## [TASK DIRECTIONS]
Search through the entries for the word "Fabric" and copy every line that has it.

** INPUT follows **

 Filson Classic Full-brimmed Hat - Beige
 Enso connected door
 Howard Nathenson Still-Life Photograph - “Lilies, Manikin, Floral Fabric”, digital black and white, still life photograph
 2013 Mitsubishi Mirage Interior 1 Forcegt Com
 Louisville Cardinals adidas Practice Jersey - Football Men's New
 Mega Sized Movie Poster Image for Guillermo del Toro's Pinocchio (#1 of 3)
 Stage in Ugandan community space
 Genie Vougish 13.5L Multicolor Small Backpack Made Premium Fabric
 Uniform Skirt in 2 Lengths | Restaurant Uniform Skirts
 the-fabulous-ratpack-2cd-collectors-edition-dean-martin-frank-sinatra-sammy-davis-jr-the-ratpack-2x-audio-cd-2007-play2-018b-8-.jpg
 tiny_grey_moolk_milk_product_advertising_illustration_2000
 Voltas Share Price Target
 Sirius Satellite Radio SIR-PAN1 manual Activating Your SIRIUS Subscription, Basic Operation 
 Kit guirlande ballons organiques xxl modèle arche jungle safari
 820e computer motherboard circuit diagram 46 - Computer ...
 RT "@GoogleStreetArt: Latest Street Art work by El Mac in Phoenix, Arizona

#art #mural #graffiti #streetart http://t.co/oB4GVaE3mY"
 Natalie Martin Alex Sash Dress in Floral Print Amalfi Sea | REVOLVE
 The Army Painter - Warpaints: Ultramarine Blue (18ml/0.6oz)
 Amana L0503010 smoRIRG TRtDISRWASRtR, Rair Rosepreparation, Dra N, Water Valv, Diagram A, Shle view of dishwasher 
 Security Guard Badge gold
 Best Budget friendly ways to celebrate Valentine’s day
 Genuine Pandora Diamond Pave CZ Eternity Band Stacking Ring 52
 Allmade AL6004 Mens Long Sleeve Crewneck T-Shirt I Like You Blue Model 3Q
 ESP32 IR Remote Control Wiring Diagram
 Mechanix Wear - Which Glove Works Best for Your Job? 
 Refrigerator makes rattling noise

** End of INPUT **

## [SOLUTION FOR THIS TASK]
 Howard Nathenson Still-Life Photograph - “Lilies, Manikin, Floral Fabric”, digital black and white, still life photograph
 Genie Vougish 13.5L Multicolor Small Backpack Made Premium Fabric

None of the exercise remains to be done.